In the fallout of Michelle Wolf’s set at the White House correspondent’s dinner Mitch Benn explores the potholes of a misunderstood joke.
It’s quite the week to be in the comedy business, and in particular the political comedy business.
The fall out from Michelle Wolf’s set at the White House correspondents’ dinner continues to rain down, and the ultimate outcome is as yet unknown. The American media – and just for once, not just the right wing-nut fringe of the American media – seems to be joining in a chorus of condemnation of Wolf, with particular reference to the cruelty of her digs at White House press spokesperson Sarah Sanders, who was in attendance on behalf of her absent boss.
What’s telling about a lot of the criticism being aimed at Wolf is not that it’s unfair (although it is: she turned up and did exactly what she’d been hired to do) but that it’s dishonest. Provably, demonstrably dishonest. Eminent print and television journalists are lambasting Wolf for having made fun of Sanders’s appearance for cheap laughs. This did not happen.
I can’t stress this enough: what Wolf is being criticised for – and in certain quarters, threatened with career-ending boycotts for – is something she did not do. This is easily verified: her whole set is up on YouTube. If you’re interested, the relevant section comes at about 13 minutes in. Wolf makes reference (complimentary reference, in fact) to Sanders’s make-up by way of taking a dig at her blithe disregard for facts.
Now I’m sure Sanders did feel uncomfortable; nobody likes being called out for being a liar and a bully, which is why I’ve spent my life confronting bullies and try to keep lying down to a bare minimum, but at no stage did Wolf call Sarah Sanders ugly or make any other reference to her physique or appearance, and yet it is for that offence – that entirely imaginary offence – that she finds herself being hauled over the media’s coals.
Of course, it’s possible that Wolf’s decriers are sincere in their outrage, and simply didn’t get the joke. This is always a danger with comedy; it’s inherently subjective and will, on occasion, be assessed by those with either a limited sense of humour and imagination, or indeed, none whatsoever of either.
A few years ago I retweeted a joke on Twitter; it was just after North Korea had successfully hacked Sony Pictures’ computers (apparently in revenge for a Seth Rogen movie). The joke took the form of a photo of Kim Jong-un sat at a computer terminal, surrounded by uniformed generals, to which someone had added the caption ‘I dunno, try ‘password’… OMG!’
Now the joke, obviously, is the idea that Sony’s sole layer of internet security had consisted of a single firewall to which the password was ‘password’. Nice little joke, as the few dozen people who retweeted my retweet seemed to agree. But not one guy; soon after I posted the picture this one tweeter started demanding I apologise for posting such a racist joke, and, when I demurred, started calling me a racist to anyone who would listen (I seem to recall he didn’t have many followers). Utterly bewildered, I managed – after several attempts – to get him to explain why he thought the joke was racist, and he explained that obviously the point of the joke is that Koreans are all stupid. He hadn’t got the joke.

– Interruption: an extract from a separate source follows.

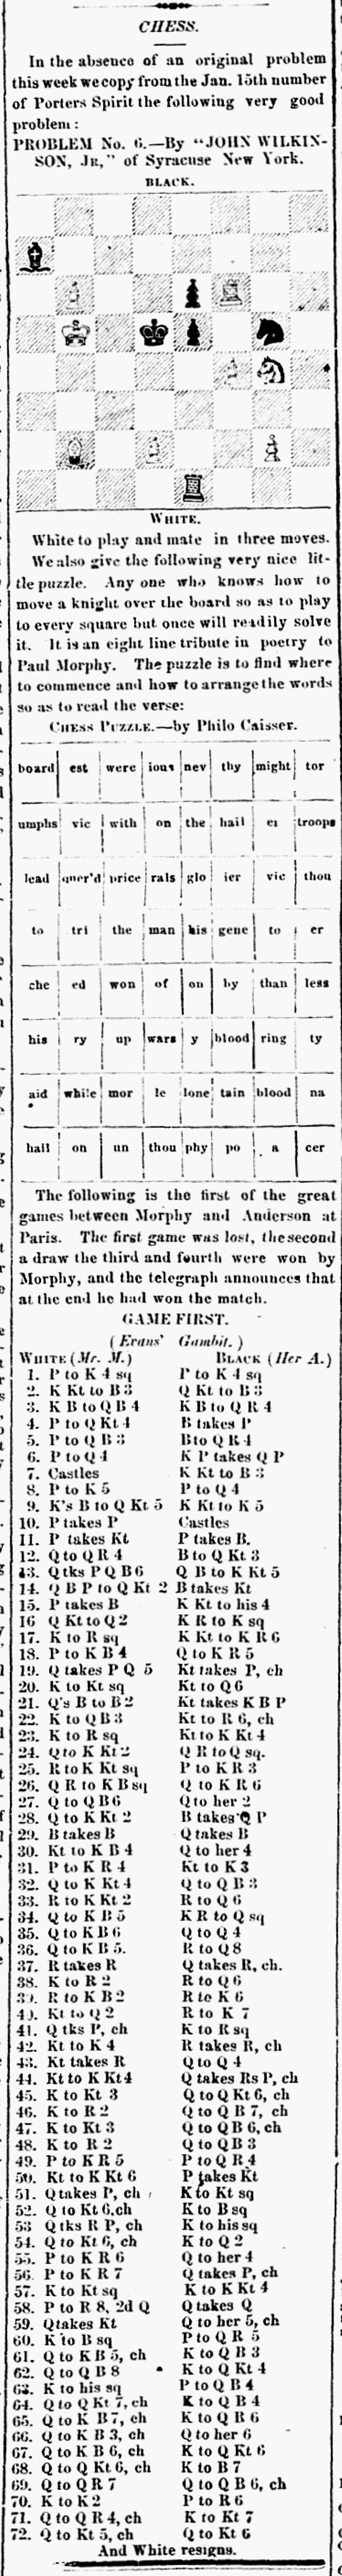 1859.02.02-01 Houston Weekly Telegraph.png

It’s very difficult to explain to someone who hasn’t ‘got’ a joke, but thinks they have, how mistaken they are. I explained the Kim Jong-un joke to the angry tweeter but he wasn’t having it; I think I may have blocked him in the end. For all I know he’s out there calling me an unrepentant racist to this very day.
There is another explanation for Wolf’s pillorying; the journalists in question may be feigning outrage for what Wolf ‘said’ about Sanders as cover for their genuine embarrassment over what she said about them. Wolf pointed out that Trump (and let us not forget that poor old Sanders was only at that dinner because the president himself was, for the second year running, too cowardly to attend) is the media’s creation; that the press and television hyped him up and now dine out on his excesses, whether approvingly or in (mock?) horror. That while minorities suffer and world peace hangs in the balance, the news organisations have become spokespersons and cheerleaders rather than tribunes, for fear of losing that most treasured commodity, ‘access’.
Thus far, Wolf has not apologised, nor should she. Disappointingly, the organisers of the dinner have issued a statement sort-of apologising on her behalf, and of course, the Great Orange Hope himself, who spent the evening hiding from the dinner at a rally in Michigan surrounded by a security blanket of cheering supporters in MAGA hats, is now calling for the dinner – which, incidentally, he is the only president not to be brave enough to attend (the sole previous absentee was Ronald Reagan in 1981, and he was recovering from an assassination attempt) – to be abolished.
Causing offence, where offence is the appropriate response, is a satirist’s job. You can live in a free society, or you can live without fear of being offended. Not both.
Now, perhaps more than any time in living memory, in the US and the UK, we need to be offending each other more, not less. Because when we’re offended, when we’re angry, when we’re arguing… at least we’re awake.